Everybody in that room knew their 11’s multiples, at least up until \(11 \times 11\), because all it does is “double” whatever number it’s multiplied with. \(11 \times 11\) is where it gets interesting. \(11 \times 11\) was easy to remember, because it was just “one two one.” Simple, right?
Here we’re going to explore the interesting pattern that arises when you dig a little deeper into this idea.
Palindromes from 111, 1111
Later in that same year, in that same classroom, I found myself doing what I’m sure all of us have done at some point - playing with my calculator. This wasn’t some fancy calculator with lines and graphs and, ugh, statistics, this was a four function calculator with the small “solar panel” strip that you could cover with your thumb to make the digits disappear from the display.
I was haphazardly inputting different operations when I came upon this pattern:
\[111 \times 111 = 12321\] \[1111 \times 1111 = 1234321\]

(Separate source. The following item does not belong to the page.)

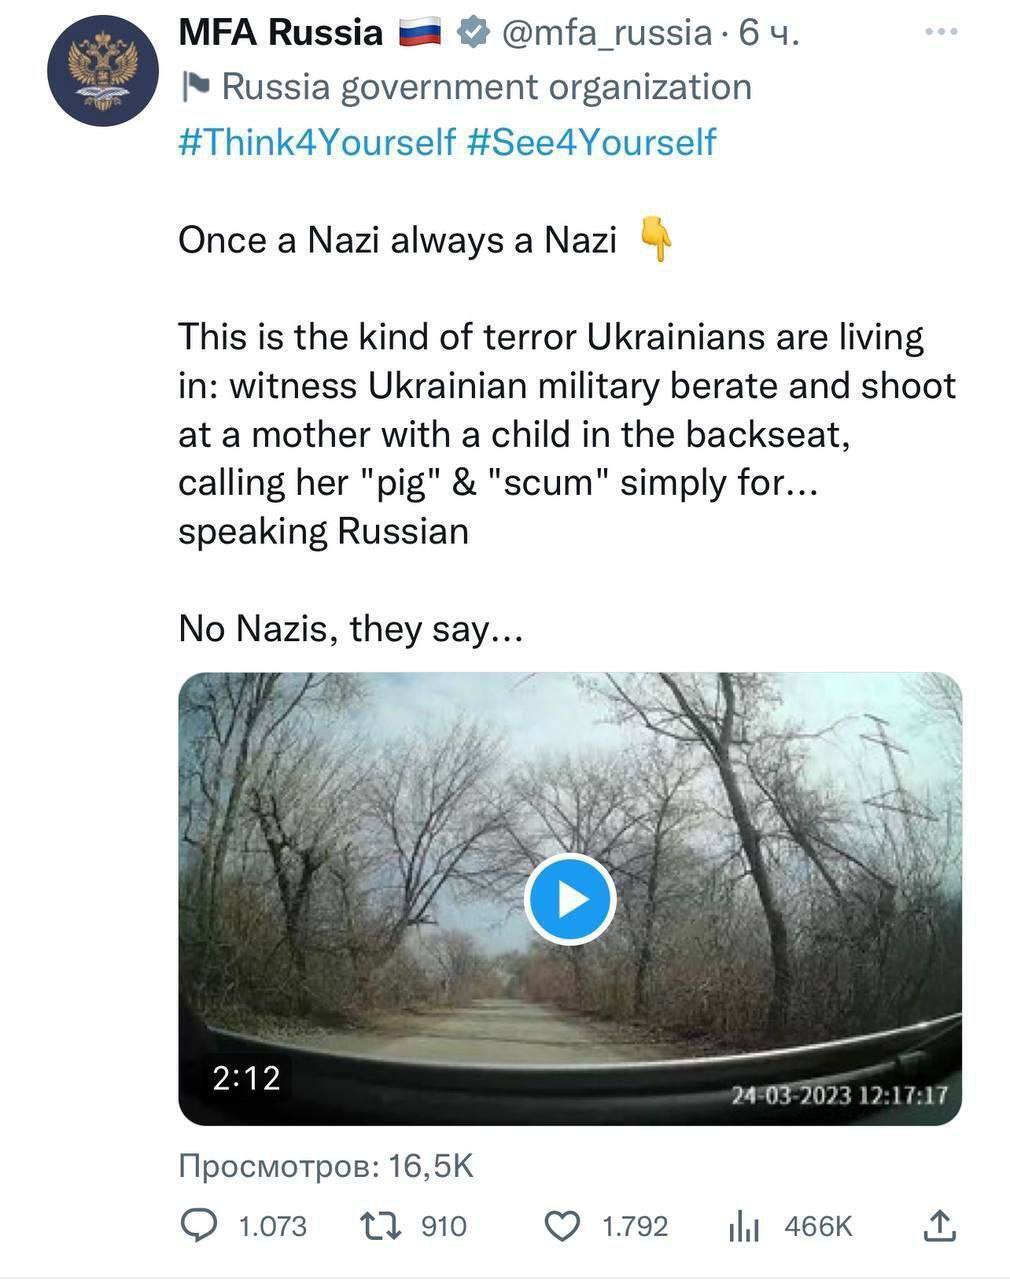 Наглядная история о том, как создается ложь Кремля об "украинских нацистах"
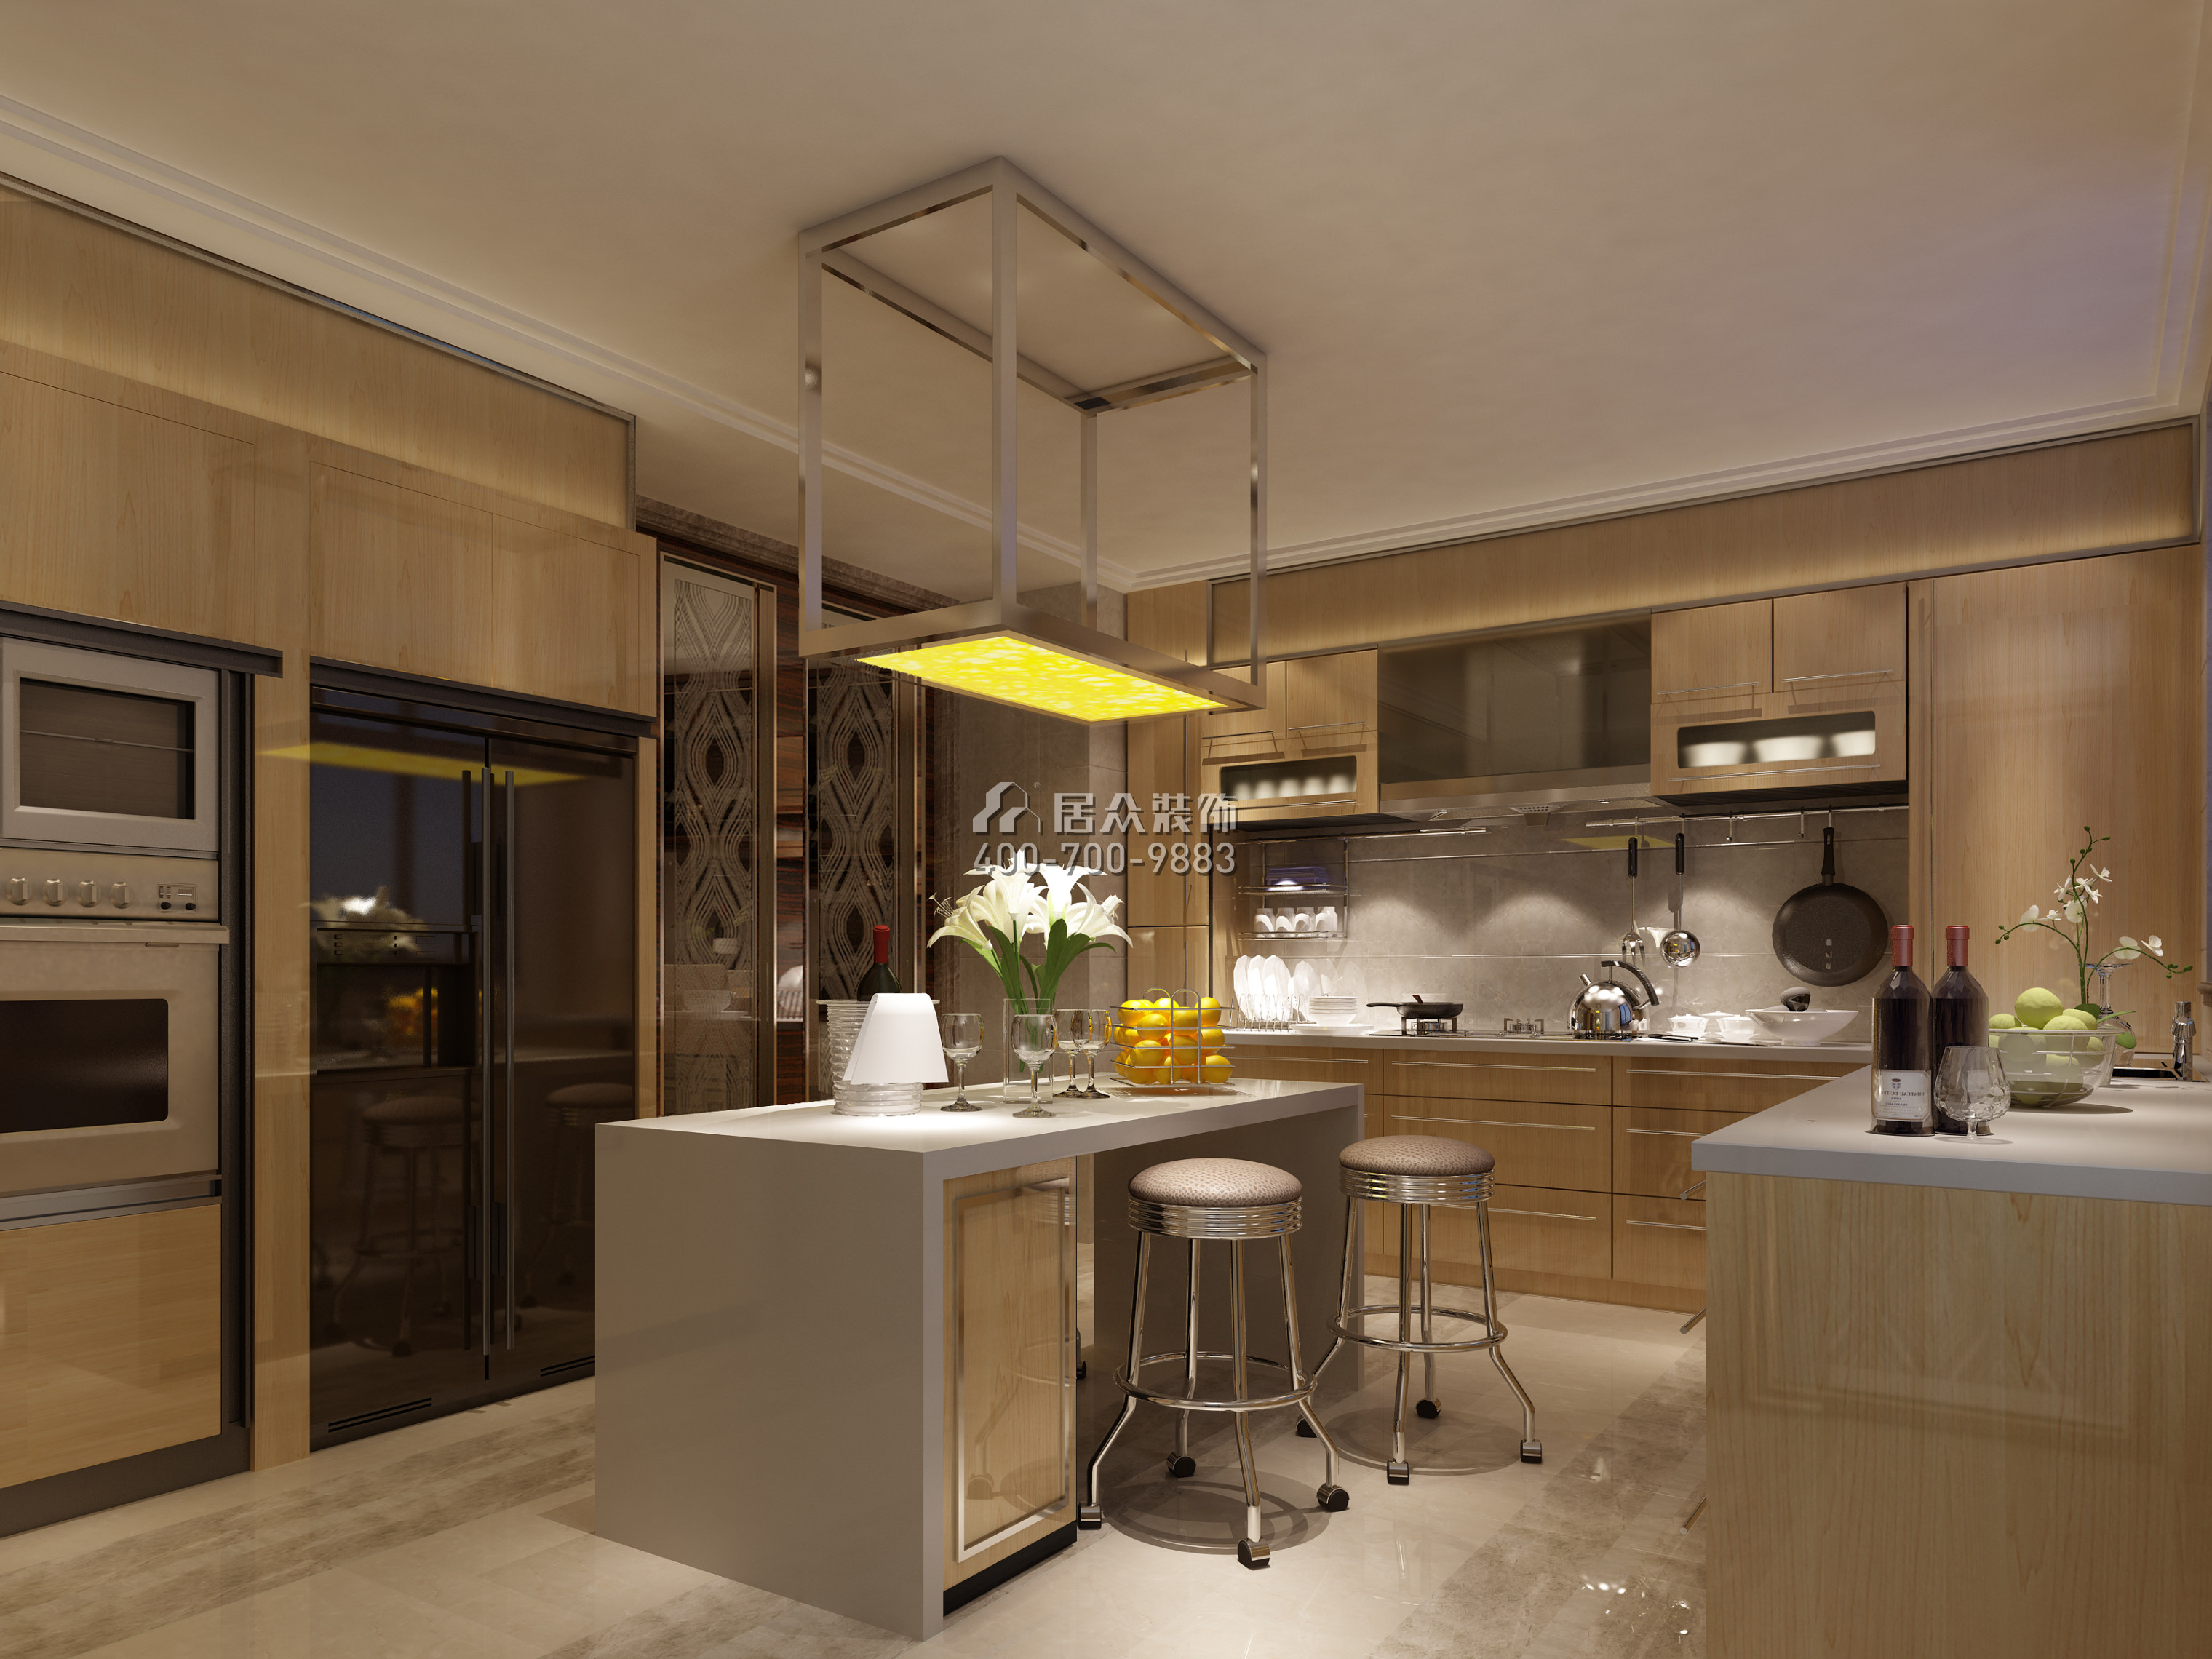 保利国际350平方米现代简约风格平层户型厨房装修效果图

I didn’t know what a palindrome was at the time, but I did notice that these products seemed to be counting from 1, up to a number and then back down to 1 on the other side.
I kept going with this until I realized this pattern broke once I inputted a string of 10 1’s in a row. The calculator I was using probably showed this in scientific notation (which I didn’t know what it meant for a long time, my brother and I legitimately used to say “\(1.3e24\)” as “one point three, Eistein’s Theories, twenty four”), but I was still able to notice the pattern didn’t follow the “12345…” and back down idea.
Let’s take a closer look at what we’re doing when we multiply these strings of ones together. For now we’ll be working in our usual base 10 decimal system, but we’ll expand this later.
Let’s start out with just \(111 \times 111\). To multiply these, we can break these numbers down in the following way:
\[111 \times 111 = (100 + 10 + 1) \times 111\]
\[= 11100 + 1110 + 111 = 12321\]
This last step can be shown vertically like this:
Notice how, when we multiplied a string of three 1’s by itself we got an addition of three values, each with three ones, offset by 0, 1, and 2 zeroes.
Let’s move a step up now:
\[1111 \times 1111 = (1000 + 100 + 10 + 1) \times 1111\]
\[= 1111000 + 111100 + 11110 + 1111 = 1234321\]
Which can be seen as:
Here we have a string of four 1’s multiplied by itself to get an addition of four values, each with four ones, offset by 0, 1, 2, and 3 zeroes.
Number Systems
Now we have a better idea of what’s going on here when we perform these calculations, so let’s try and generalize this idea that we found above.
We can say based on this pattern, that if we have a string of \(n\) 1’s in a row multiplied by itself, we will get an addition of \(n\) values, each with \(n\) ones, offset by 0, 1, 2, …, \(n-1\) zeroes. This will result in a value that looks like the following:
\[1 \space 2 \space 3 \space … \space n-1 \quad n \quad n-1 \space … \space 1\]
But consider the case that originally stumped me:
\[1111111111 \times 1111111111\]
This doesn’t follow our formula, because from the left we see “…5679…” and it seems to skip over the 8. So where does our formula fall apart?
As a matter of fact, it doesn’t!
Our formula actually works perfectly fine, but we need to impose one more condition: that we need to be operating on numbers in a number system with base greater than \(n\).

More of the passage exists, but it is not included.